The site is now up and running with 1,400 entries — with much more to come. Readers can also submit examples of college cancel culture they have encountered as well. Find it all at TheCollegeFix.com/ccdb.

FOX NEWS TURNS 25

Fox News will celebrate the 25th anniversary of its Oct. 7, 1996, founding with a one-hour special at 10 p.m. Eastern time on Sunday featuring a visit with the network’s longest-tenured employees — including Bret Baier, Steve Doocy, Lauren Green, Jennifer Griffin and Sean Hannity.

Fifteen other Fox News stars will also appear, from Tucker Carlson and Laura Ingraham to Greg Gutfeld and Jeanine Pirro.
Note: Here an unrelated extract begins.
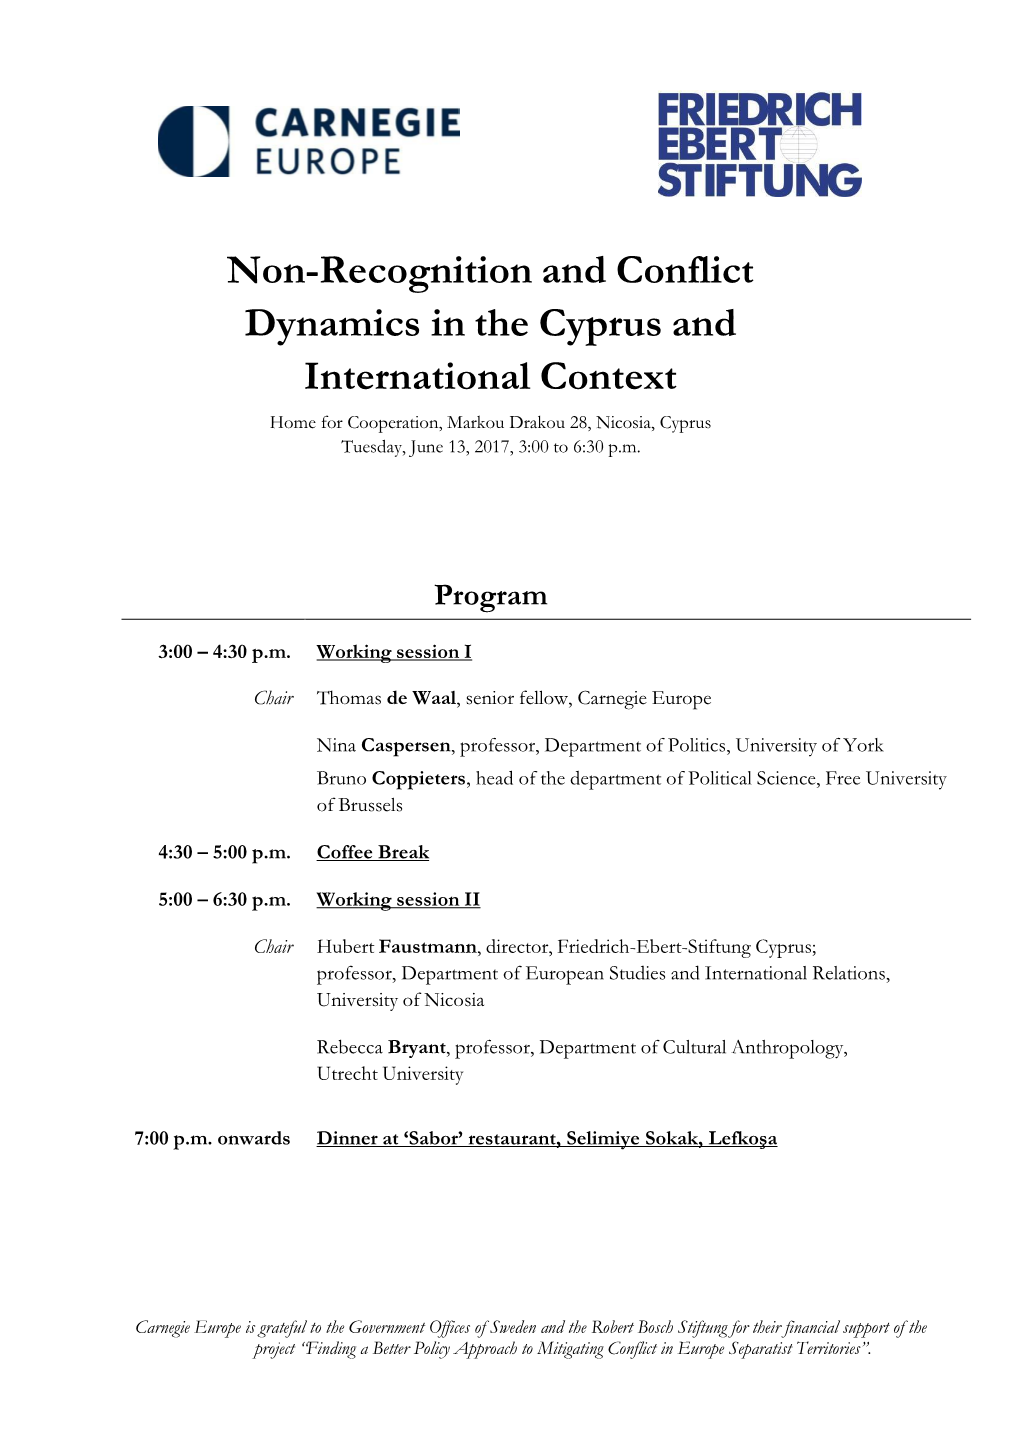 Non-Recognition and Conflict Dynamics in the Cyprus And

Throughout October, Fox News will also air 50 short-form vignettes from network favorites, celebrities, regular personalities and founding employees to commemorate their milestone. Former President George W. Bush, Piers Morgan and football great Brett Favre are among those offering greetings and commentary. Find them showcased at FoxNews.com/FoxNews25.

WEEKEND REAL ESTATE

For sale: Sonoran-style adobe bungalow built in 1911 in historic Dunbar Springs neighborhood of Tucson, Arizona. Three bedrooms, two baths, old-growth oak and tile floors, custom period painting, 10-foot beamed cathedral ceilings, second story loft, multiple wood built-ins; 2,026 square feet. Family and dining rooms, office, custom kitchen with polished concrete countertops, brick patio with gazebo, two-car garage with workshop. Priced at $495,000 through Longrealty.com; enter 22124153 in the search function.

POLL DU JOUR

• 33% of U.S. adults are “very concerned” about the size of the federal budget deficit; 54% of Republicans, 39% of independents and 17% of Democrats agree.
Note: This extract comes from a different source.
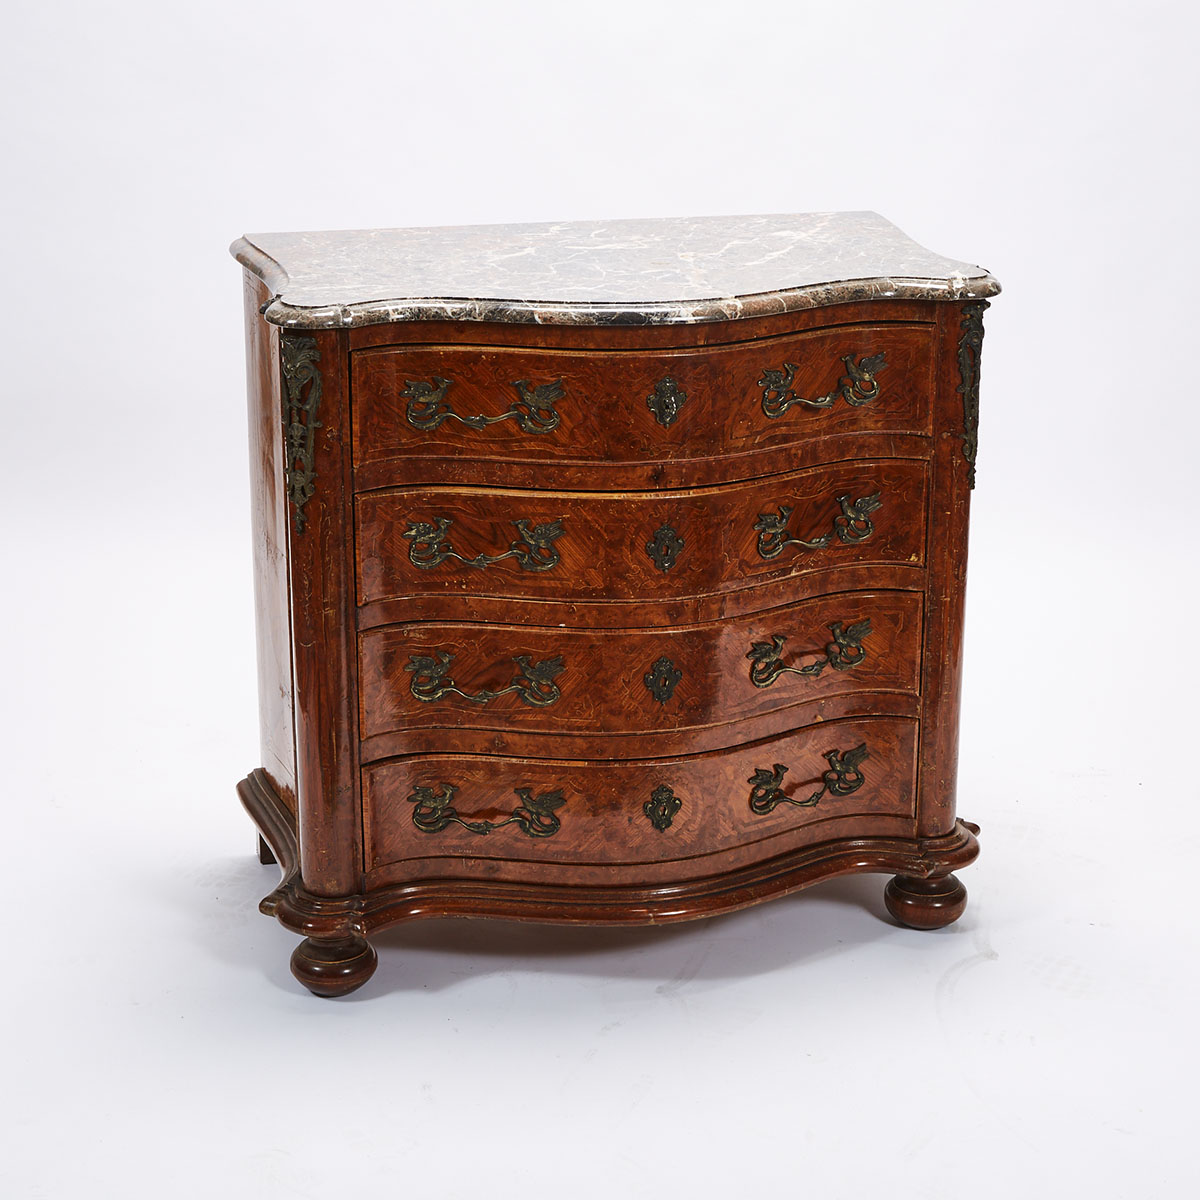 Italian Kingwood and Burl Walnut Parquetry Serpentine Front Commode, late 19th century

• 30% overall are “somewhat concerned” about the size of the federal deficit; 27% of Republicans, 26% of independents and 40% of Democrats agree.

• 14% overall are “not very concerned” about the deficit; 8% of Republicans, 12% of independents and 23% of Democrats agree.

• 8% overall are “not at all concerned” about the deficit; 4% of Republicans, 8% of independents and 10% of Democrats agree.

• 15% overall are not sure whether they are concerned about the deficit; 7% of Republicans, 15% of independents and 10% of Democrats agree.